I have 5 cats (3 spayed females and 2 neutered males). They all get along pretty well except cat #2 (spayed female introduced as a kitten). She gets along great with cat #1 (spayed female), but doesn't really like anyone younger than her (#3 was introduced as a 6 month old, #4 & #5 were little kittens). The oldest pretty much likes everyone, although the youngest 3 sometimes try to play a bit rough for her liking. All of my cats are cuddly at specific times. If I sit in the living room I'll have #1 and #4 (F and M) on my lap. If I sit at the computer, #2 is all over me. #4 and #5 like to cuddle in the bathroom of all places, but will sometimes sit on laps in the living room. Whether a cat is cuddly or not depends more on the individual cat than the sex. FWIW, neutered orange males tend to be more laid back, cuddly (at least that's the trend I see in my job). I'm sure he'll do well with anyone you decide to introduce!


----------



## EvilNessCroft (Feb 17, 2009)

IowaGold said:


> FWIW, neutered orange males tend to be more laid back, cuddly (at least that's the trend I see in my job). I'm sure he'll do well with anyone you decide to introduce!

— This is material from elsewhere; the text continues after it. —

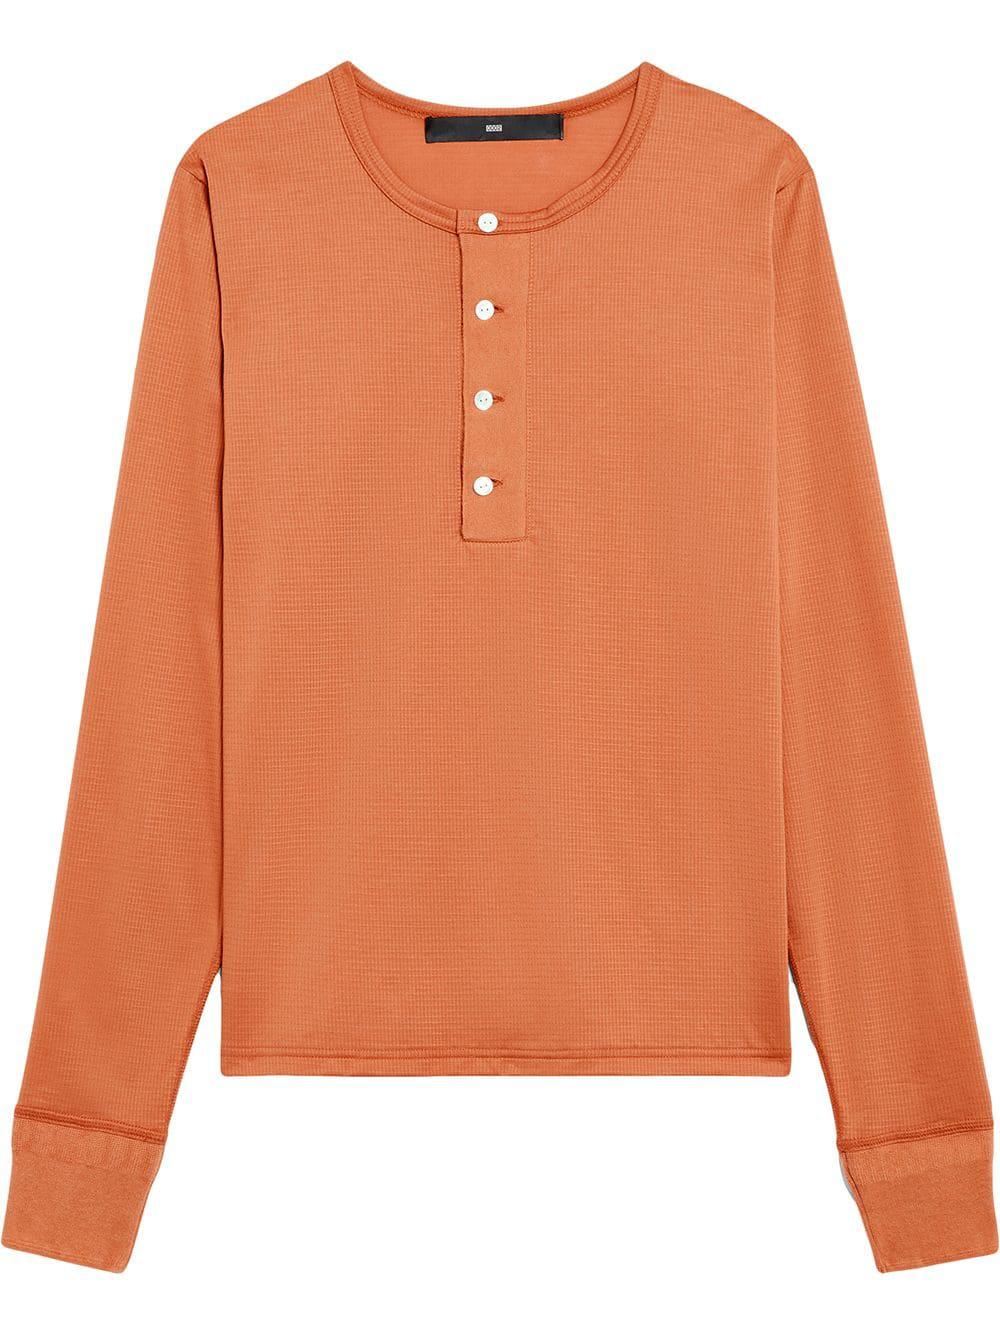 864eb04f2e9 Mackintosh 0003 Amber Cotton 0003 Henley Shirt - Neutrals | ModeSens
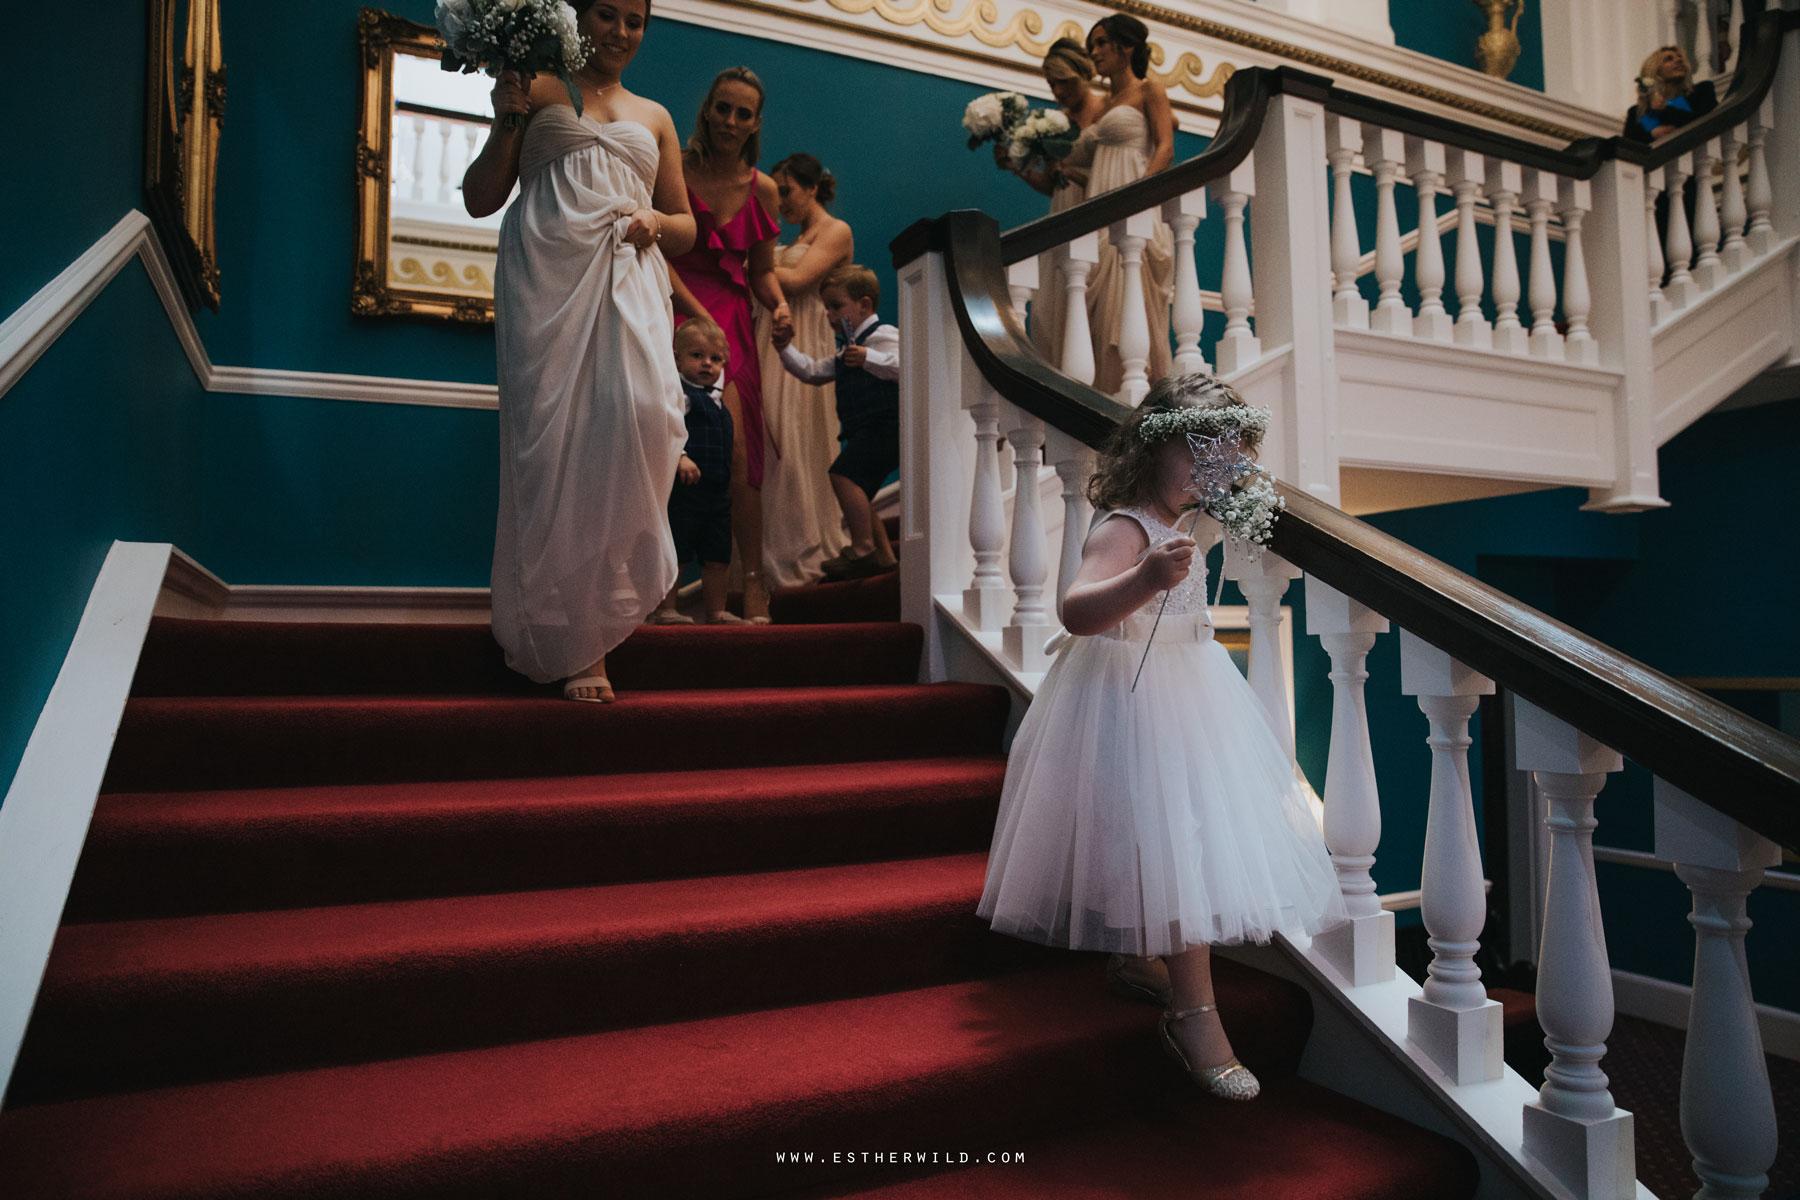 Lynford_Hall_Wedding_Thetford_Mundford_Esther_Wild_Photographer_IMG_1153.jpg

Thank you for your reply! Yes that's the first thing the vet said when he saw Simba ''Aaw, an orange kitty! They are really good cats!'' 

I'll go check at my local SPCA sometime. So I'll be looking for a male kitten.  Black if possible.. I have a soft spot for black and orange cats :


----------



## Sophie_Mom (Jan 21, 2009)

I think a younger male cat (kitten, if possible) would be the easiest. The little guy will just be so curious and playful, that he won't even think of asserting himself. I have to say, I think baby kitties are pretty much the trump card of cute! Keep us posted!! I love my kitty boys every bit as much as I love my Sophie girl!


----------



## Riley's Mom (Jul 6, 2008)

EvilNessCroft said:


> I've wanted another cat for a while now. I've read a lot on the internet about how to introduce the new kitty to the older cat. Just ONE thing I'm not sure. My cat is a neutered male, is it okay if I adopt another male kitten? Or would it be better a female? I've read that cats do better with a companion of the same gender but I've also read elsewhere that they do better with the opposite gender! :doh:
> 
> So I would like your opinion! Thank you! :wave:


I have 4 Males and 1 Female. My boys all get along great. My female hates the boys and they tend to pick on her. I prefer males anyway. I think they are more affectionate. However, my boys would not accept an adult cat into the house but they will accept a kitten.


----------



## EvilNessCroft (Feb 17, 2009)

Sophie_Mom said:


> I think a younger male cat (kitten, if possible) would be the easiest. The little guy will just be so curious and playful, that he won't even think of asserting himself. I have to say, I think baby kitties are pretty much the trump card of cute! Keep us posted!! I love my kitty boys every bit as much as I love my Sophie girl!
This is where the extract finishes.